Review: Galveston


Hitman with a terminal cancer diagnosis Ben Foster is sent on a job by boss Beau Bridges. Job goes to pot (he was clearly set up to fail), and somehow Foster ends up with a new driving companion, 19 year-old hooker Elle Fanning (and her 3 year-old sister), as he plots his next move. Robert Aramayo plays a young crim who tries to get Foster to come on board with him. The exchange doesn’t go well for the former. At all.



Perhaps star Ben Foster really wanted to work with French actress Melanie Laurent, no matter what the project was. What possessed the latter to choose this adaptation of a Nic Pizzolatto (creator of the “True Detective” TV series, writer of the flat remake of “The Magnificent Seven”) novel to be her English-language directorial debut is puzzling to me.
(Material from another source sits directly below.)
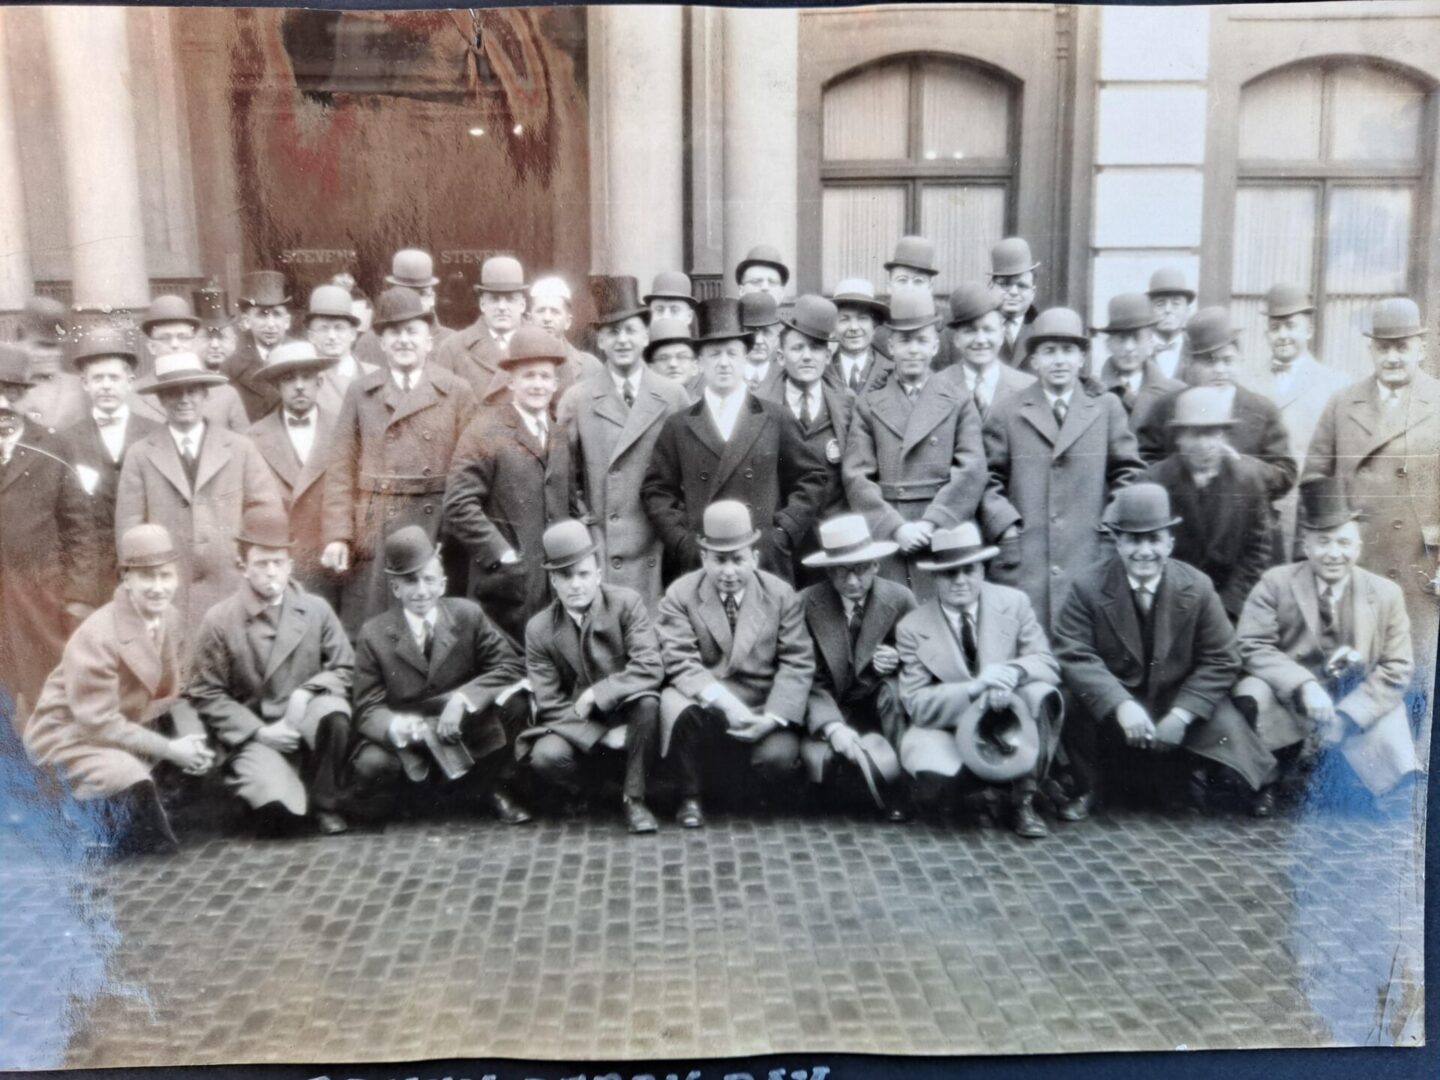 Black and white group photo, people with hats and coats

Scripted by the author himself, it’s a disappointingly clichéd road movie with noir touches that goes nowhere new, and does so slowly. It’s pretty sluggish and boring to be honest. Foster and Elle Fanning are much, much better than the material, whilst Beau Bridges’ considerable (and underrated) presence goes entirely wasted in a too-tiny part. It’s the kind of film where even if you haven’t seen it before, it feels like you have a million times over. The film’s final stages admittedly do take a turn (in tone) I wasn’t entirely expecting, but it’s not a turn I was terribly receptive to. In fact, it’s pretty grim and pointless and definitely depressing. It completely falls apart with a time jump that just doesn’t seem to belong here at all, at least not as written. After spending 95% of the time as a small character piece road movie, it suddenly wants to be “Magnolia”? Yeah, that’s a hard pass from me thank you.
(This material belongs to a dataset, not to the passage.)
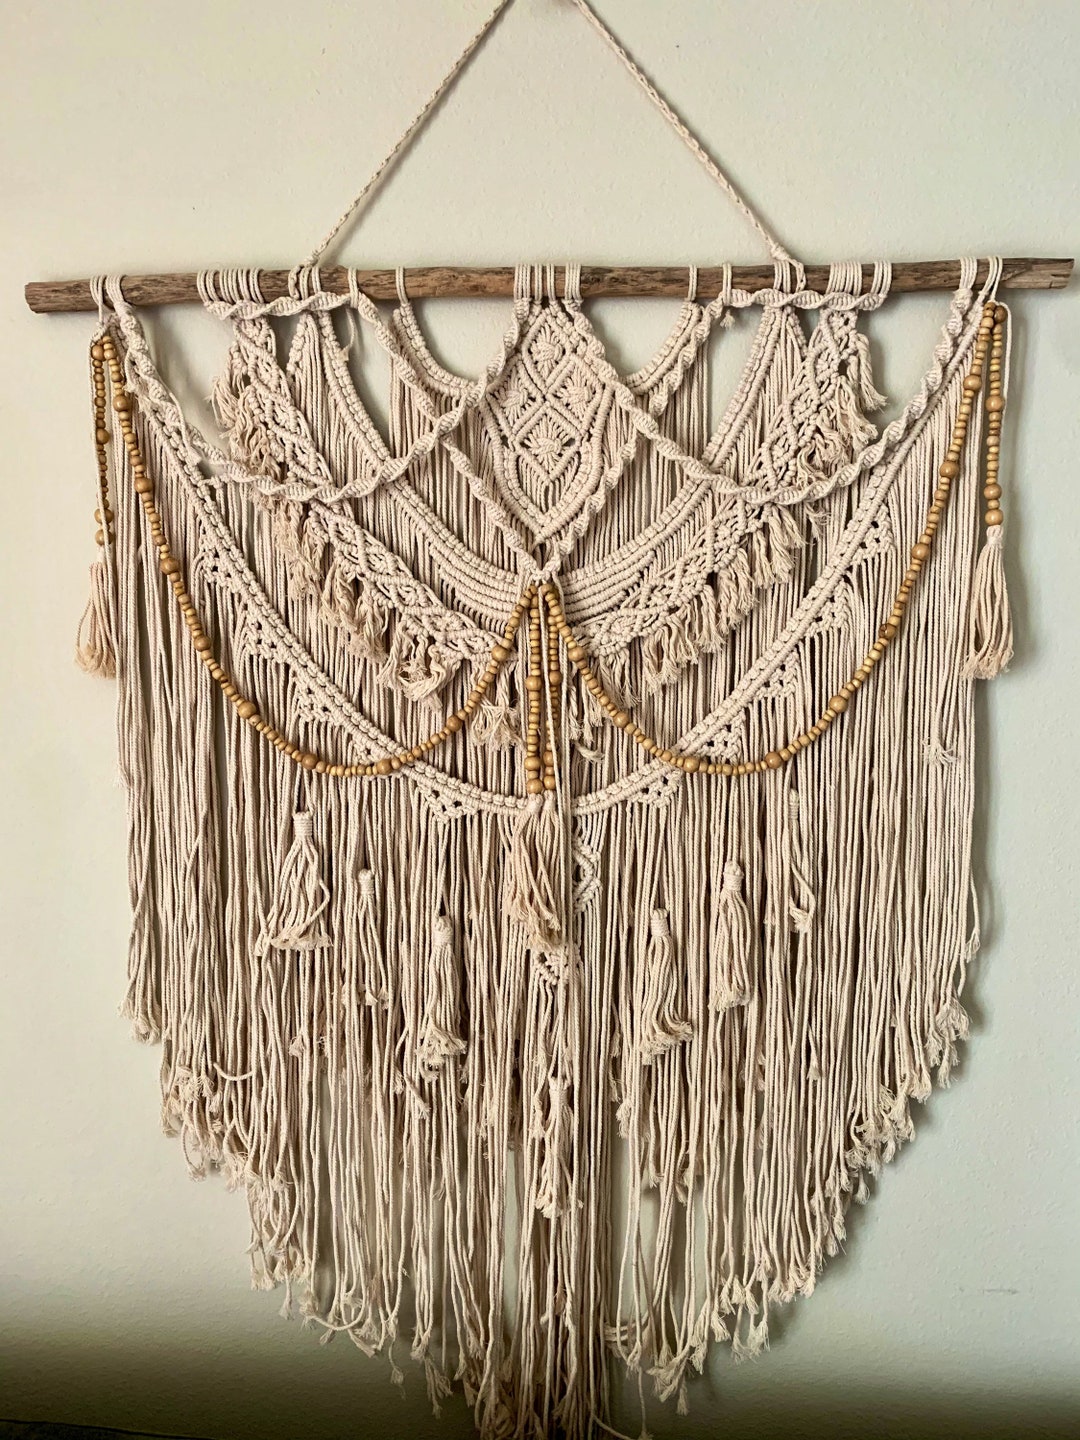 Handcrafted Macrame Wall Hanging/ With Beads/ Handmade in Bali - Etsy

I guess some might be interested that Foster’s character remains fairly unlikeable throughout, but that’s hardly enough to put this one over the line for me. Despite helping out Fanning, and despite his terminal illness, he’s still not a nice guy at all and is frequently pissed off in fact. He’s the type of guy who chain-smokes despite his lung cancer diagnosis, and is pretty much in denial about the latter. Aggressively in denial, in fact. A well-cast Foster sells it well, it’s just not especially interesting to watch him do it. Elle Fanning is stuck with the stock ‘trashy hooker with a heart of gold’ role, though she’s actually even more impressive than Foster perhaps because she’s got even less to work with. I keep waiting for her to have a truly breakout role, but this ain’t it. Nice small performance by Robert Aramayo as a crim with ambition, loose lips and total shit for brains.



A very minor film with a couple of moderate-to-majorly impressive lead performances playing stock characters, it lacks both originality and urgency. This one’s no “Hell or High Water”, folks. Dreadful final act, as well.